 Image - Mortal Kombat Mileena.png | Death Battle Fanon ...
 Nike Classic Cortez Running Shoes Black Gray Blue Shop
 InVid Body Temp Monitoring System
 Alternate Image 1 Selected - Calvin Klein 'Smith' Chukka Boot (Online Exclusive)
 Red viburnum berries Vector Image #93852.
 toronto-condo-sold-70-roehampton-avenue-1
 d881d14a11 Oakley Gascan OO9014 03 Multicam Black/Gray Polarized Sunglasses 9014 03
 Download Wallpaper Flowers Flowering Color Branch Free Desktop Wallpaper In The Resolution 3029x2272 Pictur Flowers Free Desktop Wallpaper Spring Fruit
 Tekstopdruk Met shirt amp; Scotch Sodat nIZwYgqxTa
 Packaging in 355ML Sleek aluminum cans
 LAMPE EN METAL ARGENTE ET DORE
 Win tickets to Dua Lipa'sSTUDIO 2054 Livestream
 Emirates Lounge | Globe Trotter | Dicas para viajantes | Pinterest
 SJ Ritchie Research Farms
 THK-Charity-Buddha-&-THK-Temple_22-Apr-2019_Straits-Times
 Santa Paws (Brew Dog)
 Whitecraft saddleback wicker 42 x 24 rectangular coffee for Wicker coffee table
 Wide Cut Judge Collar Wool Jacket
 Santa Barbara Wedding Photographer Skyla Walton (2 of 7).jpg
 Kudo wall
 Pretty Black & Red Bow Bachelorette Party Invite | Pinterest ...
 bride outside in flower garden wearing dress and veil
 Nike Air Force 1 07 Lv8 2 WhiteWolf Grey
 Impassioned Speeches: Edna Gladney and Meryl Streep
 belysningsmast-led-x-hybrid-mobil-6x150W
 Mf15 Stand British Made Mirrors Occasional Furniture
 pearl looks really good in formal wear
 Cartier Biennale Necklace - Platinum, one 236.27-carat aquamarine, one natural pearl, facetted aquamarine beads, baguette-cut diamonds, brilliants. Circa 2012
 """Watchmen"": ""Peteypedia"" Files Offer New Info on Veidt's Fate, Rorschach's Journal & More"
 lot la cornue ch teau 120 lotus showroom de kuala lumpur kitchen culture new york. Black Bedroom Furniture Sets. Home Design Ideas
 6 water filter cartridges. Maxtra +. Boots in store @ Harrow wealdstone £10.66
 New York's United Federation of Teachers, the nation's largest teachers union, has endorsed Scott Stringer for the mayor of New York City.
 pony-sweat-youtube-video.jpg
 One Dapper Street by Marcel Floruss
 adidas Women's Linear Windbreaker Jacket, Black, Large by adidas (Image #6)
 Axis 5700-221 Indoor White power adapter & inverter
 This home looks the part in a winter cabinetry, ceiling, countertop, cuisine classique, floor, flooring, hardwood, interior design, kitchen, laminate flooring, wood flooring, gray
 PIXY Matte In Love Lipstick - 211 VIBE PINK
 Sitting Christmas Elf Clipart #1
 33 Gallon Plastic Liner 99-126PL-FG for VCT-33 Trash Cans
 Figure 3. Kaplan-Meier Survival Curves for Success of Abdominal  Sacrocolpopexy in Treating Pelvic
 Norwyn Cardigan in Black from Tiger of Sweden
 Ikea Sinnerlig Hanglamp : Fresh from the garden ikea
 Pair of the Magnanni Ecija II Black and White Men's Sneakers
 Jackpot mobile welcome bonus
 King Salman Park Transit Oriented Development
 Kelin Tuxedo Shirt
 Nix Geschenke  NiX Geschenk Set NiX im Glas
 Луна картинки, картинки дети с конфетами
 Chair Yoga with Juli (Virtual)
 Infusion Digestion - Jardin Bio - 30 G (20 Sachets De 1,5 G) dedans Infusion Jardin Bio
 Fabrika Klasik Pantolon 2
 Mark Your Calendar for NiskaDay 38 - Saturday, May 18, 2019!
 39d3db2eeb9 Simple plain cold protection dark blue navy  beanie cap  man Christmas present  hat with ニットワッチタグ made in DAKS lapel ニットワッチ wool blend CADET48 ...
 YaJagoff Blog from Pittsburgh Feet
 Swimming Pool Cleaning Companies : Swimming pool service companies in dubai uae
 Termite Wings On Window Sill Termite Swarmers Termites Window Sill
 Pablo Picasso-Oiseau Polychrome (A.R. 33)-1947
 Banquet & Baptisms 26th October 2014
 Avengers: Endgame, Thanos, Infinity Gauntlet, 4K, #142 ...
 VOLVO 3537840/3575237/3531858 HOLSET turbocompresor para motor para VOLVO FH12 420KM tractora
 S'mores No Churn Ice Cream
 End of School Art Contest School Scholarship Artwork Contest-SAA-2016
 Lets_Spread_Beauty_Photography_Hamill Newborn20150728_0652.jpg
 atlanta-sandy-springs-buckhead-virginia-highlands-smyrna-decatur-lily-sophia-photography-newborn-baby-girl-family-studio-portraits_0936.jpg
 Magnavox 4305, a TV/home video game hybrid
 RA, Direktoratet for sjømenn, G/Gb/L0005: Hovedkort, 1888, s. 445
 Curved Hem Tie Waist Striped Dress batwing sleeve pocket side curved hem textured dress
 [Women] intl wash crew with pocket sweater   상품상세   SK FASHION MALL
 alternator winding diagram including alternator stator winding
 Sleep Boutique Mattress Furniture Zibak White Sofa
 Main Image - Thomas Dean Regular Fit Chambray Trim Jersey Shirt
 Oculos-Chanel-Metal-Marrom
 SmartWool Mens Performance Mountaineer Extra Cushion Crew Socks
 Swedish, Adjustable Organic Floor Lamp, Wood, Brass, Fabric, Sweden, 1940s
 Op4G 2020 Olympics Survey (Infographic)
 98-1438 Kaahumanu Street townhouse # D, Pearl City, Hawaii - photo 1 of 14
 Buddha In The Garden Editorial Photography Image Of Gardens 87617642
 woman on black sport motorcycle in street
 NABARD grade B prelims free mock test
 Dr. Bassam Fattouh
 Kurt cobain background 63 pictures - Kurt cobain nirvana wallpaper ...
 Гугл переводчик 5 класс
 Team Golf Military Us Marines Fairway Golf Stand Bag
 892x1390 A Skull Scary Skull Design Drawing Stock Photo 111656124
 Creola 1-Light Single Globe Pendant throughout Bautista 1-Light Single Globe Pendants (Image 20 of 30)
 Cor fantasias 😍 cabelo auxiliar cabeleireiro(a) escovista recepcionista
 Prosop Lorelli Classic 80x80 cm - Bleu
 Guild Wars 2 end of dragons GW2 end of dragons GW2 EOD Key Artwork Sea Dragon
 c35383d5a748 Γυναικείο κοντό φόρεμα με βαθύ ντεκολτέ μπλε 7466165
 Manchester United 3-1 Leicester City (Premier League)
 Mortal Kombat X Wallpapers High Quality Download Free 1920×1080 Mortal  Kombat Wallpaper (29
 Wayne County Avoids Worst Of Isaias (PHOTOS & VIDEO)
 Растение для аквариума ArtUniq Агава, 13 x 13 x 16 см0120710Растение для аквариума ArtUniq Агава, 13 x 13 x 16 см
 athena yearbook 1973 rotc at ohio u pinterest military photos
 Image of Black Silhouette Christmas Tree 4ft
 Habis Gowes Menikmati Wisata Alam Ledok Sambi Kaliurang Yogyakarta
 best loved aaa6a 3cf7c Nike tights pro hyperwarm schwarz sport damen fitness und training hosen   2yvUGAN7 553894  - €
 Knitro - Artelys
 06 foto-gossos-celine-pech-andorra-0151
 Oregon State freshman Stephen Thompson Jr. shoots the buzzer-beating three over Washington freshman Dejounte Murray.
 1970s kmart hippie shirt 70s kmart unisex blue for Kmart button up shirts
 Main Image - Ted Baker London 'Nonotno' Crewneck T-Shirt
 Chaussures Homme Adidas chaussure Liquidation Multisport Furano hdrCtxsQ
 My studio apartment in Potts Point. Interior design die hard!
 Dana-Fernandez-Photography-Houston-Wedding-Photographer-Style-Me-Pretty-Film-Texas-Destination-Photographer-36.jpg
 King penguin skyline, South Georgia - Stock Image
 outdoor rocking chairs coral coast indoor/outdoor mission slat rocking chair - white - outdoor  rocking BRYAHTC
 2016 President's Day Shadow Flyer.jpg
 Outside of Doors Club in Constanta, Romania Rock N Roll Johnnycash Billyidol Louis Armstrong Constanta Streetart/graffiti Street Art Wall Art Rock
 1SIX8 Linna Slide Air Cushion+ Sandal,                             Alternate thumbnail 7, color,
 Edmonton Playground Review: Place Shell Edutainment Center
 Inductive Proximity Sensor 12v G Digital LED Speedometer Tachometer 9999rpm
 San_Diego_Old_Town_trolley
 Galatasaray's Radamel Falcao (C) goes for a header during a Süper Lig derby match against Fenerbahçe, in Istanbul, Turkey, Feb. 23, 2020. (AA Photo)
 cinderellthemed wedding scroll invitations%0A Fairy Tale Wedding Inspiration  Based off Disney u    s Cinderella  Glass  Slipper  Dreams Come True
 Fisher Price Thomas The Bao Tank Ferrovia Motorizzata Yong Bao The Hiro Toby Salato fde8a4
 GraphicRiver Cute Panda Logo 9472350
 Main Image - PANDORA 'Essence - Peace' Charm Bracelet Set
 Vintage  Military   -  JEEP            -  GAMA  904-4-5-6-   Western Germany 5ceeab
———
### PROBLEM DESCRIPTION
Here the job is to set down exactly the lines of the material above that fall between the one with "2016 President's Day Shadow Flyer.jpg" and the one with "Inductive Proximity Sensor", inclusive, and nothing beyond them.

### OUTPUT OF THE EXERCISE
 2016 President's Day Shadow Flyer.jpg
 Outside of Doors Club in Constanta, Romania Rock N Roll Johnnycash Billyidol Louis Armstrong Constanta Streetart/graffiti Street Art Wall Art Rock
 1SIX8 Linna Slide Air Cushion+ Sandal,                             Alternate thumbnail 7, color,
 Edmonton Playground Review: Place Shell Edutainment Center
 Inductive Proximity Sensor 12v G Digital LED Speedometer Tachometer 9999rpm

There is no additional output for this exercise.